### Instructions for the task
Search the listing below for the line containing "London Aquatic Centre External". From there through the line containing "Retratos de Crick, Watson", transcribe every line exactly, both ends included.

### Dataset records
--------------------
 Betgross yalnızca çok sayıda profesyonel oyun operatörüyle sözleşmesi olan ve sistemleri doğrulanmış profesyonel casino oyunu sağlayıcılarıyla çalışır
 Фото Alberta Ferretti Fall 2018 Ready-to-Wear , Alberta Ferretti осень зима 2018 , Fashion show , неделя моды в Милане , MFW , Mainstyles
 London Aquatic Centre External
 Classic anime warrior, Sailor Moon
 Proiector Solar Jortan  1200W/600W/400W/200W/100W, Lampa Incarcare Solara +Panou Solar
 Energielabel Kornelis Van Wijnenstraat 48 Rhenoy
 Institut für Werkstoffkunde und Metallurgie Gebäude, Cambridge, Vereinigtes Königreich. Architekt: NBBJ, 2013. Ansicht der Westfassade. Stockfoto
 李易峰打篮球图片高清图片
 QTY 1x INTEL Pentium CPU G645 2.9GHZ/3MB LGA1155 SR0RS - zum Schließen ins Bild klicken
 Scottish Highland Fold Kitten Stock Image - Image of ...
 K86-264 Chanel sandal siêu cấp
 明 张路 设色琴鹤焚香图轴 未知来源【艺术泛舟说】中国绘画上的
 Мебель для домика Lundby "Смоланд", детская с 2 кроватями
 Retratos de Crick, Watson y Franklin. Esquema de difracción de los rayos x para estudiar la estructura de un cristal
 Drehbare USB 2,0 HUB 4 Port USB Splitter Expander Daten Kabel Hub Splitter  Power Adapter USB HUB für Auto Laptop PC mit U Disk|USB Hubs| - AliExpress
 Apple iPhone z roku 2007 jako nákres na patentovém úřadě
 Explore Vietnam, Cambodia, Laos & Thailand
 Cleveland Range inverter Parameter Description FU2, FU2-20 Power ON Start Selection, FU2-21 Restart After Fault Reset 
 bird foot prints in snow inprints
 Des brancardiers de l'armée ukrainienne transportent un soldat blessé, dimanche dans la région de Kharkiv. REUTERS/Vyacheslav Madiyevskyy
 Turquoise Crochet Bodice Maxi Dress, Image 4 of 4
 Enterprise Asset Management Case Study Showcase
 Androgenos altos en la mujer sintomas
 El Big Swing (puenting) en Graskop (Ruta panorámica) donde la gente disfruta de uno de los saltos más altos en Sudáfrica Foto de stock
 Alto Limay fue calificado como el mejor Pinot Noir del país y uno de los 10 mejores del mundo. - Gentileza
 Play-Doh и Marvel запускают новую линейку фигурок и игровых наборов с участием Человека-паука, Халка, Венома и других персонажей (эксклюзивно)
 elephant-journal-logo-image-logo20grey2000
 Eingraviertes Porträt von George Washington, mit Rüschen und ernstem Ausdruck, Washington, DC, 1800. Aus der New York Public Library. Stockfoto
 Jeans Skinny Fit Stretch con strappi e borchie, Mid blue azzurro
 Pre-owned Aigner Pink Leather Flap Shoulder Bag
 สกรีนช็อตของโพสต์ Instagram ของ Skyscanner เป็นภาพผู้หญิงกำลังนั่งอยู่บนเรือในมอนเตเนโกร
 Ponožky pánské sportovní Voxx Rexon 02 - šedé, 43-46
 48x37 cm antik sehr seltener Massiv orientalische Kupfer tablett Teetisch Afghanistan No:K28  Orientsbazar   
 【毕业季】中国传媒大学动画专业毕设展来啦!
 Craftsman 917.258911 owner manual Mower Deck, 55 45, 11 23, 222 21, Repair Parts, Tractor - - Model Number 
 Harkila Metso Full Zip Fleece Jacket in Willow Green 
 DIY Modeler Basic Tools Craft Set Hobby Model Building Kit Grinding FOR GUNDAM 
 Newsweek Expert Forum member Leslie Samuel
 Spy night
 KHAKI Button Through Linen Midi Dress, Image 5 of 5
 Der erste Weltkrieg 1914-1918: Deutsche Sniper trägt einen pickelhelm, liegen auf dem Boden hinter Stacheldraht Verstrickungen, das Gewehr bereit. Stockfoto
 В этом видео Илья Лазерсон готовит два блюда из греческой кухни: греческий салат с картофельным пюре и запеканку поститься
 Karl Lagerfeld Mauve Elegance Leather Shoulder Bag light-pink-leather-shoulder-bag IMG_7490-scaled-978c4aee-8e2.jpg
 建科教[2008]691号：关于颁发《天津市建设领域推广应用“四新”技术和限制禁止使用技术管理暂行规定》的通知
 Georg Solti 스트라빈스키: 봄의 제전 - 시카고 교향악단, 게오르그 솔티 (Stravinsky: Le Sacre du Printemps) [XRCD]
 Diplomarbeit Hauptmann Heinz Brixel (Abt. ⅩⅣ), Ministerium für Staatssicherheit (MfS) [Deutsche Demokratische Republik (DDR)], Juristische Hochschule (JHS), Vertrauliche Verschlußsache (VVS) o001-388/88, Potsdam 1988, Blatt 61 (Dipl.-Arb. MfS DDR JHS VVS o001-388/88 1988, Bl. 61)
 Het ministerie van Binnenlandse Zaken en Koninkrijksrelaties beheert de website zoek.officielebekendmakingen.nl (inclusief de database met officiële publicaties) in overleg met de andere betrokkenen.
--------------------
### Answer for the task
 London Aquatic Centre External
 Classic anime warrior, Sailor Moon
 Proiector Solar Jortan  1200W/600W/400W/200W/100W, Lampa Incarcare Solara +Panou Solar
 Energielabel Kornelis Van Wijnenstraat 48 Rhenoy
 Institut für Werkstoffkunde und Metallurgie Gebäude, Cambridge, Vereinigtes Königreich. Architekt: NBBJ, 2013. Ansicht der Westfassade. Stockfoto
 李易峰打篮球图片高清图片
 QTY 1x INTEL Pentium CPU G645 2.9GHZ/3MB LGA1155 SR0RS - zum Schließen ins Bild klicken
 Scottish Highland Fold Kitten Stock Image - Image of ...
 K86-264 Chanel sandal siêu cấp
 明 张路 设色琴鹤焚香图轴 未知来源【艺术泛舟说】中国绘画上的
 Мебель для домика Lundby "Смоланд", детская с 2 кроватями
 Retratos de Crick, Watson y Franklin. Esquema de difracción de los rayos x para estudiar la estructura de un cristal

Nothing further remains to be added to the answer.